The parties agree as follows:
I. Dorado and Accelerated agree that Phase I of the original Agreement was
completed on or before [***]. Dorado has already invoiced the final Phase
I payment under the Agreement of $[***]. In addition, Dorado shall invoice
Accelerated $[***] for additional services performed under Change Order #1,
attached hereto as Exhibit A, that were completed during Phase I. Both
invoices shall be due on [***].
II. Upon execution of the Amendment, Dorado shall immediately credit
Accelerated $[***] corresponding to invoice number #166 for the Phase II
design review under the Agreement.
III. Phase II of the Agreement shall be modified as set forth in this Amendment.

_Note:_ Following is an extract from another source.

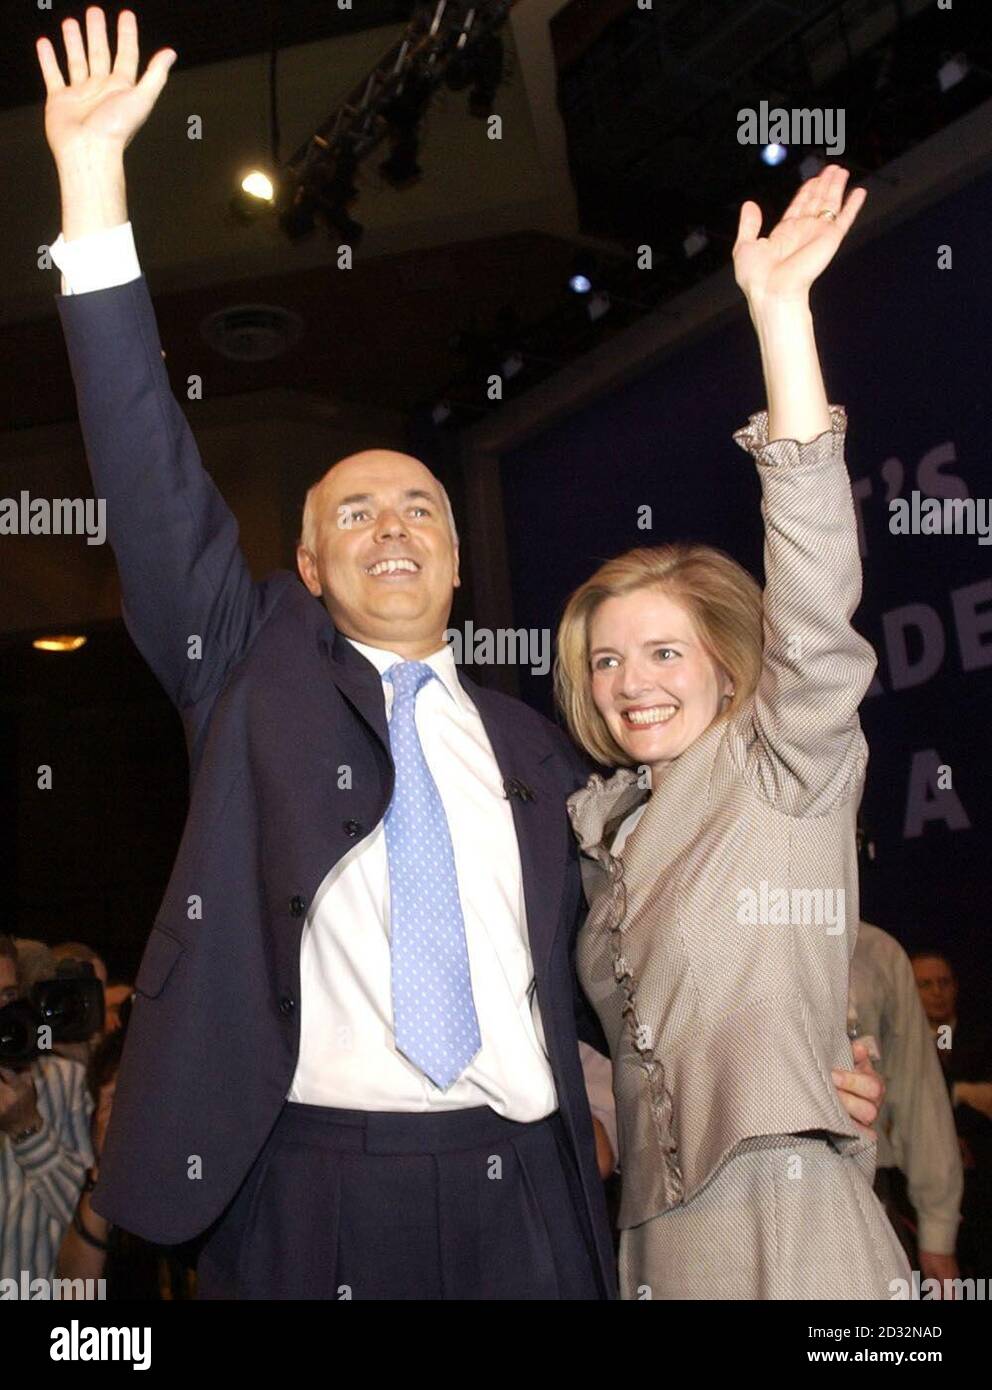 Conservative leader Iain Duncan Smith and wife Betsy acknowledge the applause from delegates after making his keynote speech to the Conservative Party Conference in Bournemouth. Stock Photo

The modified Phase II statement of work and the product specification in
Exhibit B sets forth the functional requirements for Phase II of the Access
Pilot 4.0 ("AP4.0") system and shall replace and supercede in its entirety
the statement of work contained in the Agreement for Phase II. The program
plan and project schedule for AP4.0 shall be as set forth in Exhibit C and
shall replace and supercede the schedule of the Agreement as it relates to
Phase II.
IV. The total price for Dorado's Phase II services as defined in this Amendment
shall be adjusted to $[***], corresponding to the original Phase II price
of $[***] under the Agreement, plus $[***] for the Phase II change in scope
identified in Change Order #1, plus an additional $[***] for the added
scope of AP4.0. [***] of the revised Phase II price, equal to $[***], shall
be payable in five equal monthly installments of $[***], to be invoiced at
the end of each month from February through June for work performed that
month. [***] of the total price, equal to [***], shall be invoiced at the
end of DVT testing (as defined in Exhibit C), and the final [***] of the
total price, equal to $[***], shall be invoiced upon final acceptance
signed by ANI based on the revised specification and acceptance testing
requirements mutually agreed upon by the parties and attached hereto in
Exhibits B and C. The table below summarizes the revised pricing and
payment schedule of the Amendment.
PAYMENT AMOUNT INVOICE DATE TERMS
------- ------ ------------ -----
PHASE I:
[*** ]
[*** ]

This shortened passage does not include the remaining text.